▶ **Your instructions**: All that is wanted is the exact text of the lines below from the one with "7 штук, античные" through the one with "Calcolare la solubilità", inclusive, minus any pictures.

▶ **Extracted entries**:
--------------------------------

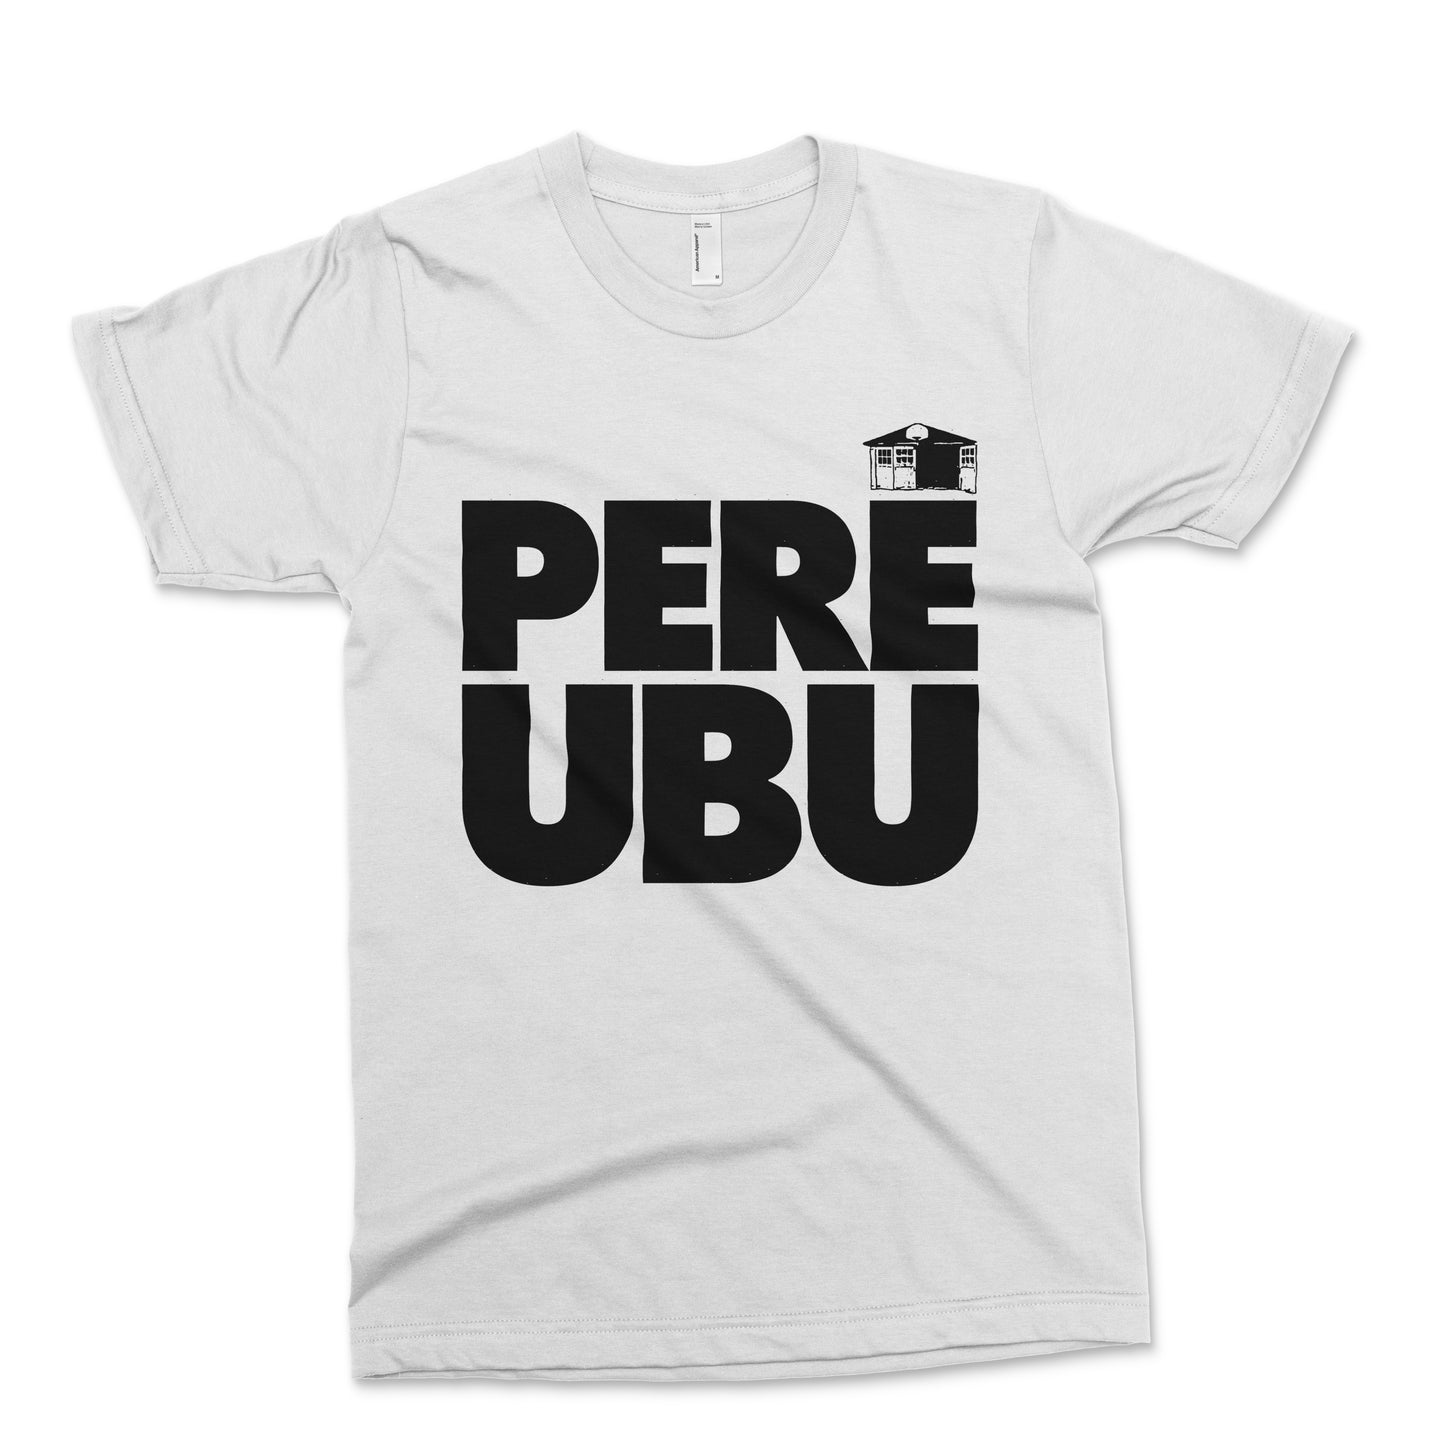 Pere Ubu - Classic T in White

--------------------------------

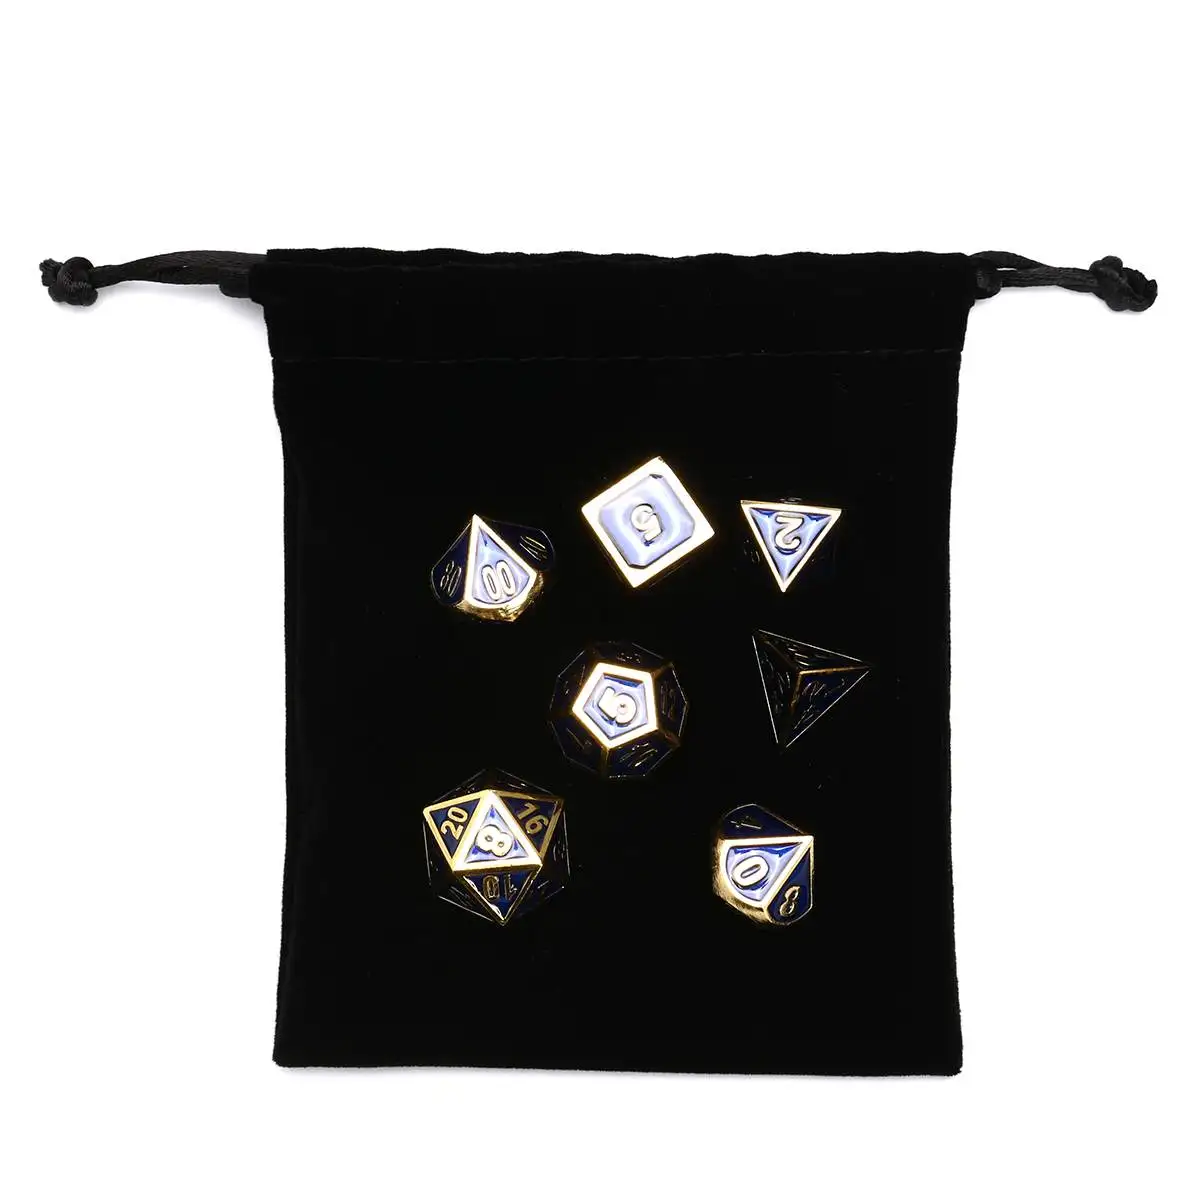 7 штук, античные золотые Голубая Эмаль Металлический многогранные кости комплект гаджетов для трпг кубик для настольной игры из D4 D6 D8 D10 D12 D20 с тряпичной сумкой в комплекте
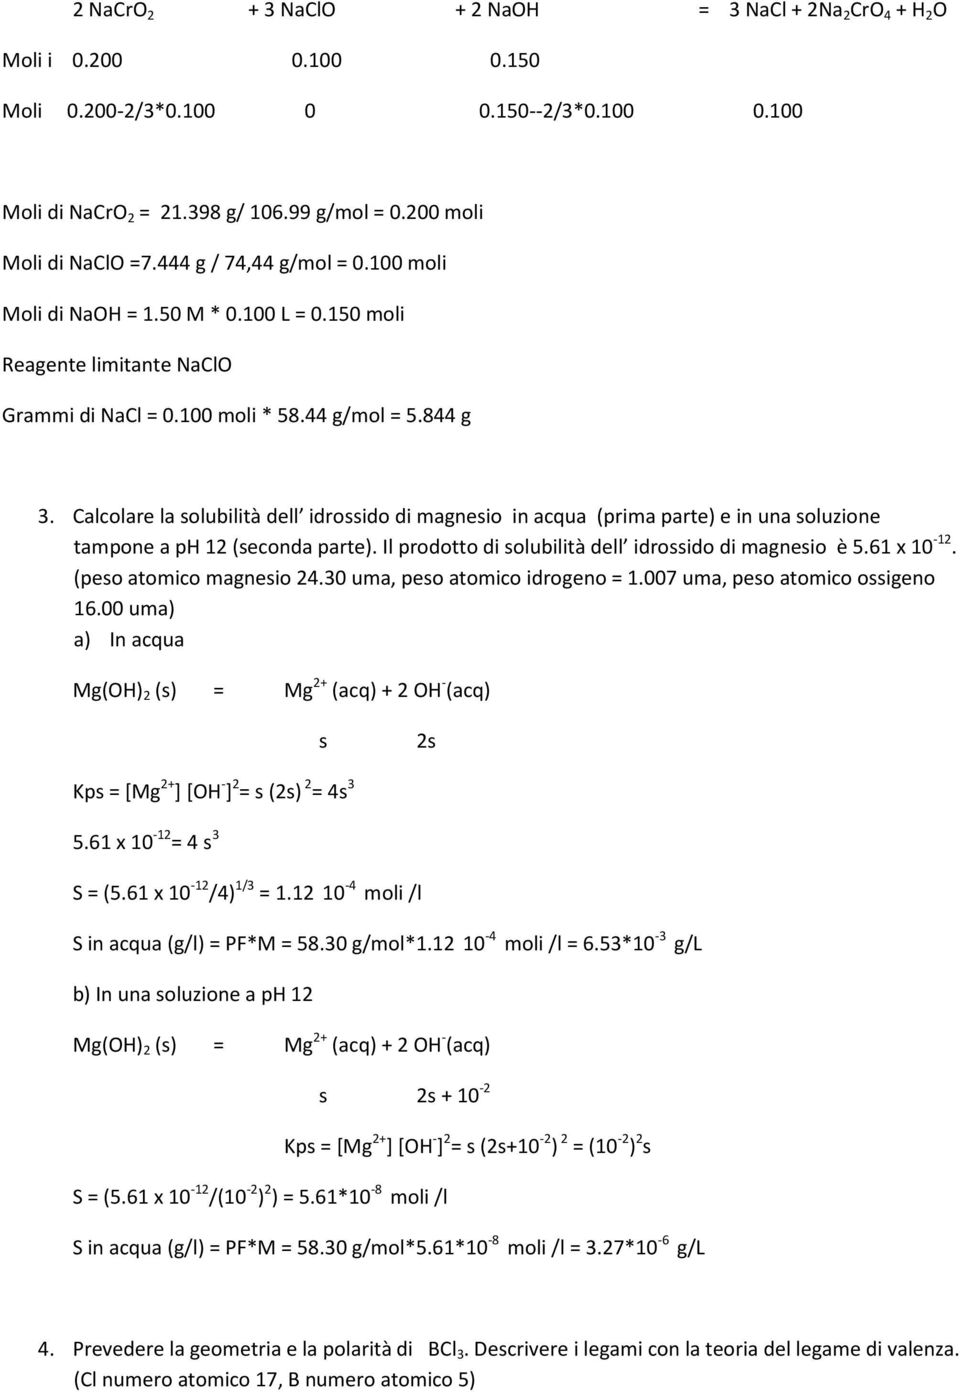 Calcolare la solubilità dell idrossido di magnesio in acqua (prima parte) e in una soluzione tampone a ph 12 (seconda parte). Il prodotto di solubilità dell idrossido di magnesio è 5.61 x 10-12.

--------------------------------

▶ **Answer to this problem**:
 7 штук, античные золотые Голубая Эмаль Металлический многогранные кости комплект гаджетов для трпг кубик для настольной игры из D4 D6 D8 D10 D12 D20 с тряпичной сумкой в комплекте
 Calcolare la solubilità dell idrossido di magnesio in acqua (prima parte) e in una soluzione tampone a ph 12 (seconda parte). Il prodotto di solubilità dell idrossido di magnesio è 5.61 x 10-12.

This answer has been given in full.